In einem exklusiven Interview mit dem ungarischen Magazin Válasz Online hat der ukrainische Präsident Volodymyr Zelensky die Politik des ungarischen Premierministers Viktor Orbán scharf kritisiert, Russland beschuldigt, die totale Zerstörung der Ukraine anzustreben, und seine Vision für den Frieden und die Zukunft der Ukraine dargelegt. In dem Gespräch, das nach 1.200 Tagen Krieg geführt wurde, ging es um die ungarisch-ukrainischen Beziehungen, den anhaltenden Konflikt mit Russland und die Aussichten auf Frieden.

Orbáns Politik: “Anti-ukrainisch und anti-europäisch”

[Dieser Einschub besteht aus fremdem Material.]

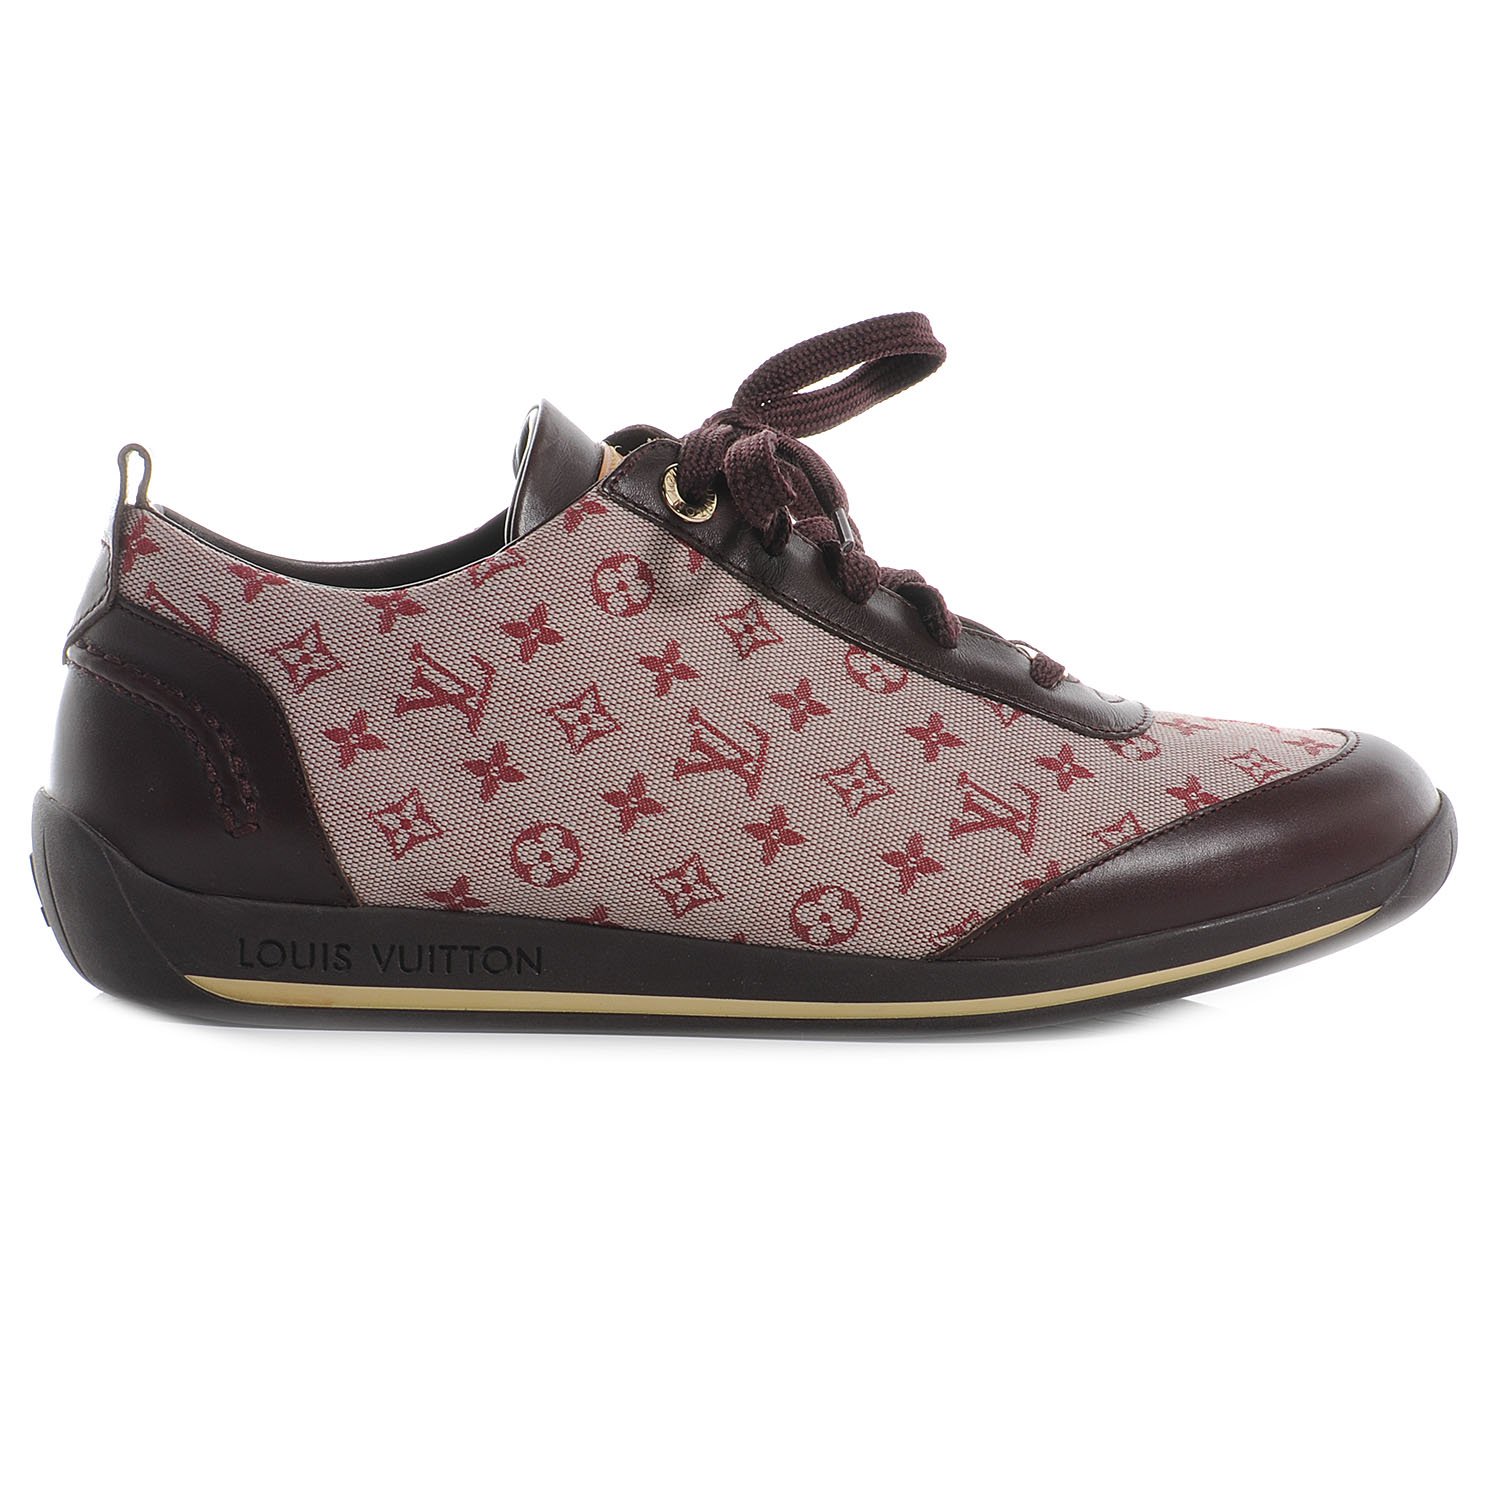 Louis Vuitton Tennis Shoes For Men | IQS Executive

In einem historischen Interview mit Válasz Online kritisierte Zelensky Viktor Orbán unmissverständlich und bezeichnete die Haltung des ungarischen Regierungschefs als “anti-ukrainisch und anti-europäisch”. Er warf Orbán vor, den Krieg für innenpolitische Zwecke auszunutzen, insbesondere im Vorfeld von Wahlen, und bezeichnete diese Vorgehensweise als “unehrlich”.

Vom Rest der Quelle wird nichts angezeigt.